= Robert Richard Wilson =

Australian farmer and politician

Robert Richard Wilson (29 May 1891 – 26 Apr 1969) was a farmer and politician in South Australia.

==History==
Born at Ardrossan, South Australia, he was for many years a successful farmer, grazier and dairyman of Yeelanna, South Australia. He was President of the Yeelanna Mutual Improvement Society, and Secretary of the Agricultural Bureau. He was on the board of Urrbrae Agricultural High School and a State vice-president of the Returned Sailors', Soldiers' and Airmen's Imperial League of Australia.
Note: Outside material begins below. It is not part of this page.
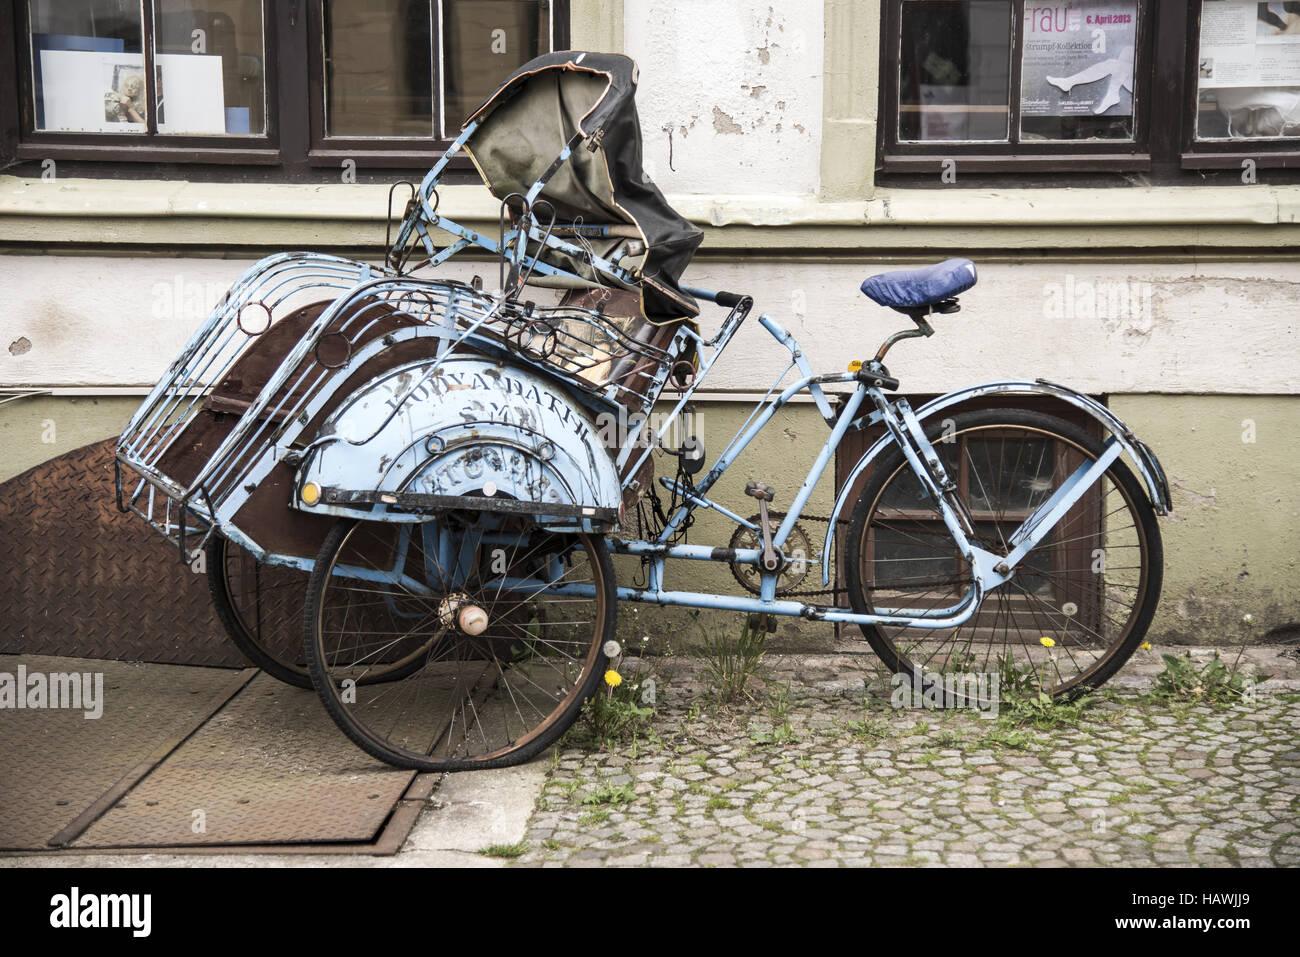 Old Bike - Stock Image
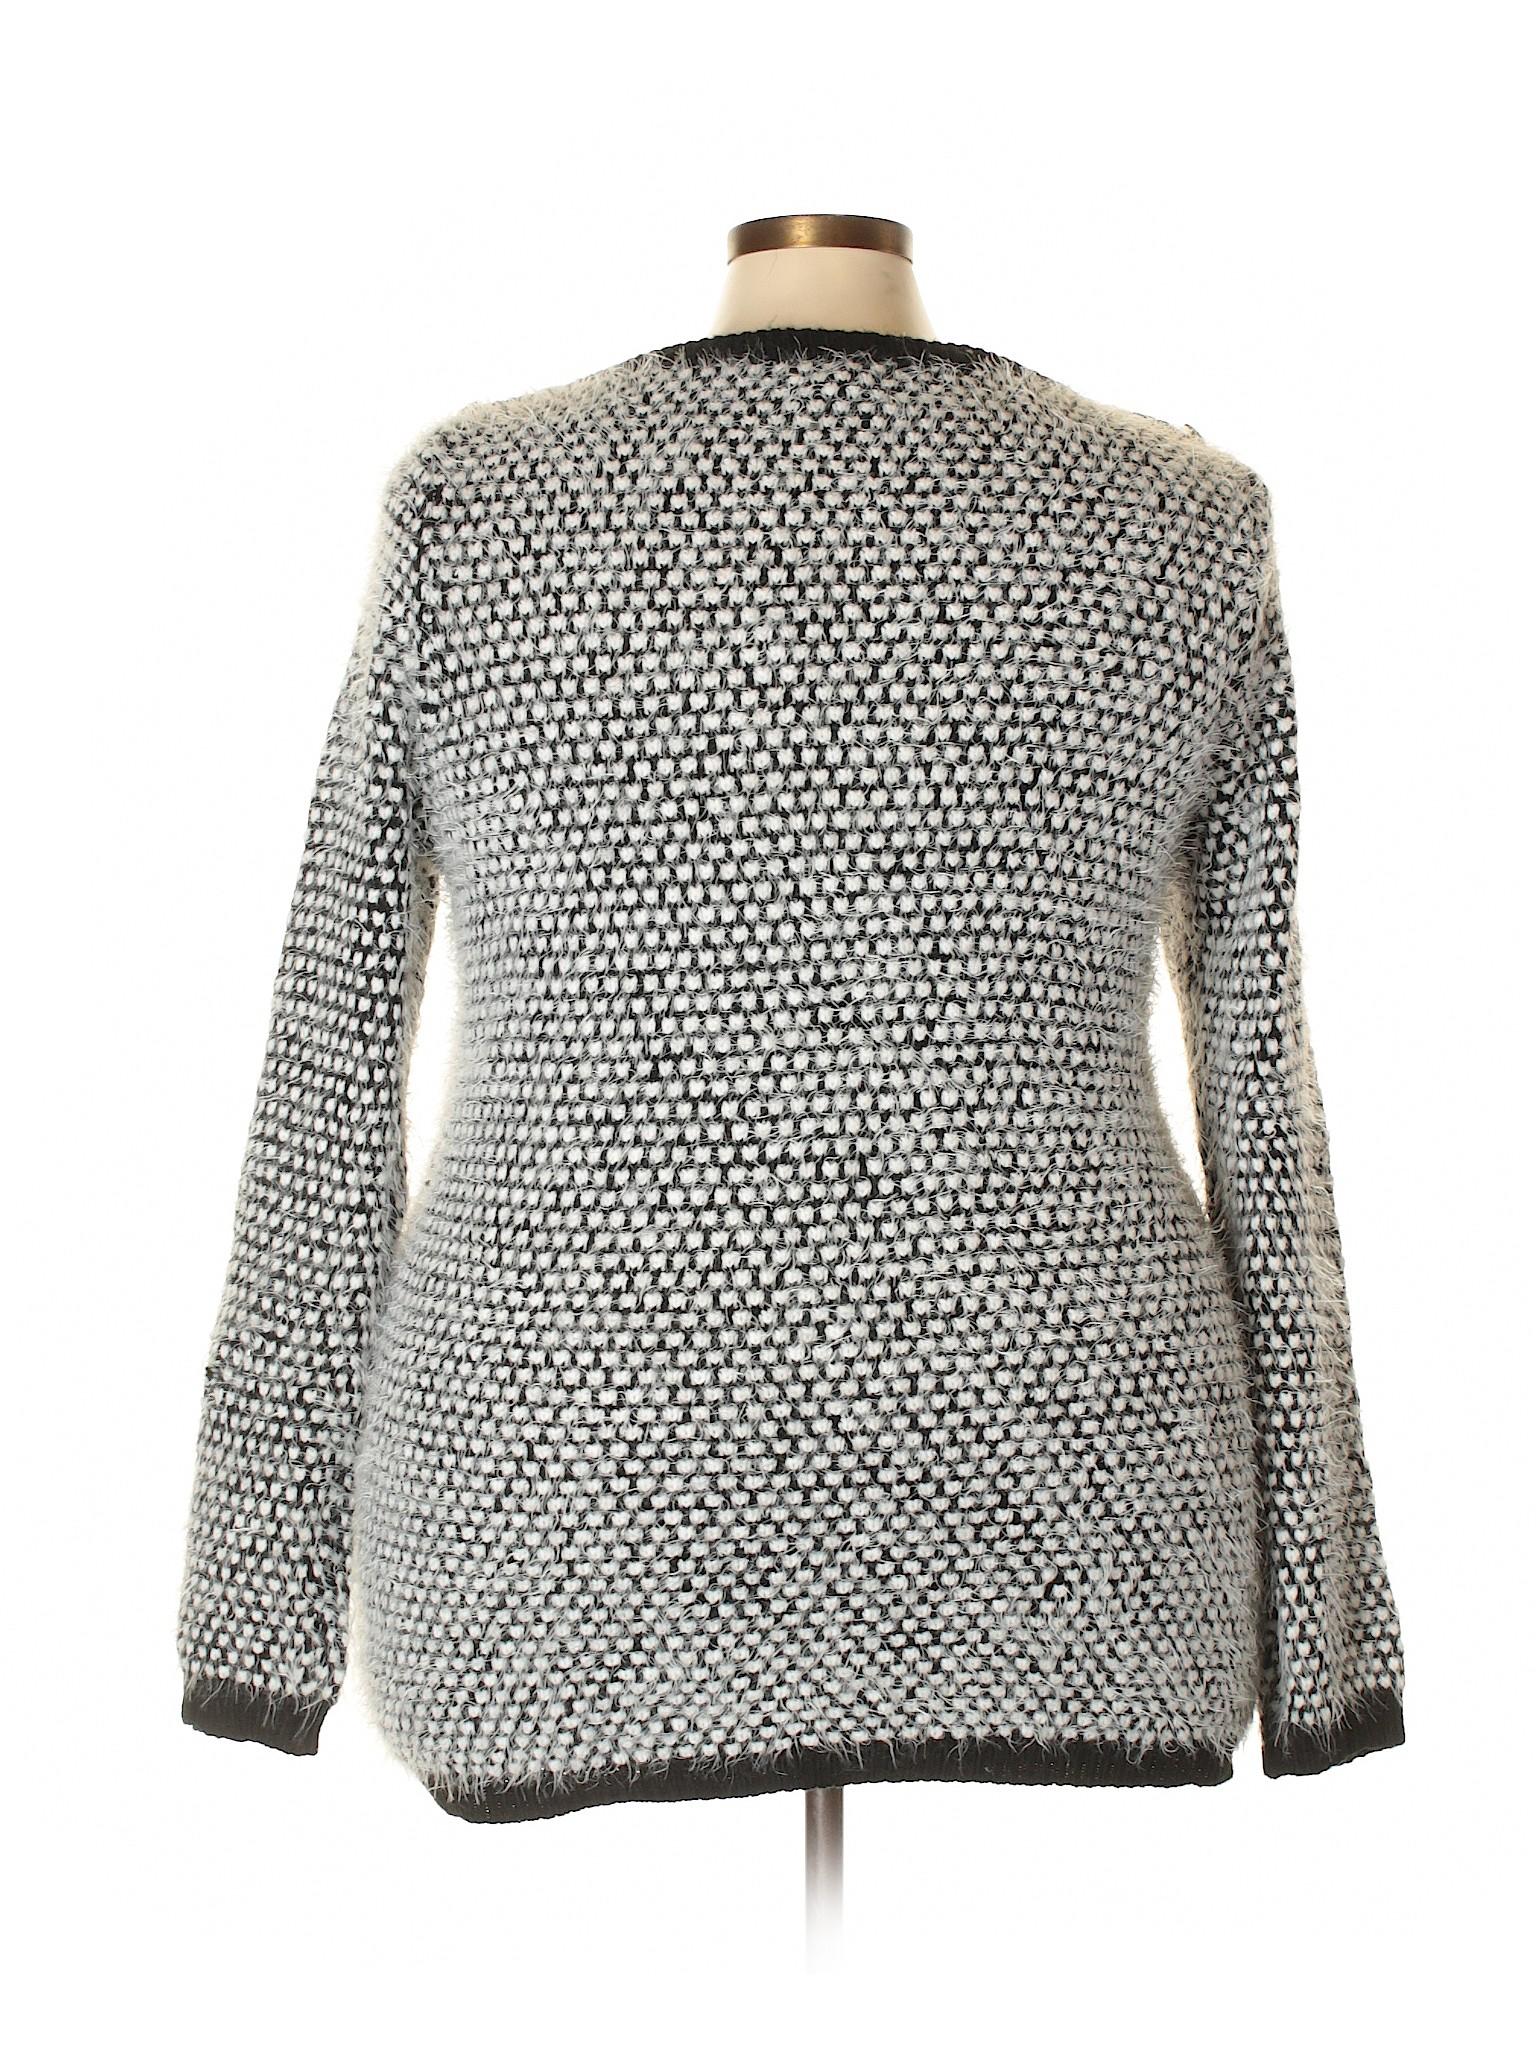 Boutique Sweater Sweater Boutique Michelle Boutique Pullover Michelle Lauren Lauren Pullover Lauren xpw1gqSY

He served in the Legislative Council for the Liberal and Country League from 14 May 1949 to 5 March 1965, after filling a vacancy left by the death of Albert Percy Blesing.

==Family==
He married Hilda; they had one son and four daughters:
- Robert John "Bob" Wilson (31 July 1922 – 1 November 1943) pilot with RAAF; killed in aircraft accident at Geraldton, Western Australia.
- Joan Beatrice Wilson (15 July 1924 – )
- Shirley May Wilson 1927- 1998
- Ruth (1929- 1994) married (divorced) Elliot Bobrige (11 February 1931 - 24 March 2017)
- Margaret
Sometime before May 1949 they moved to Stephen Terrace, Gilberton.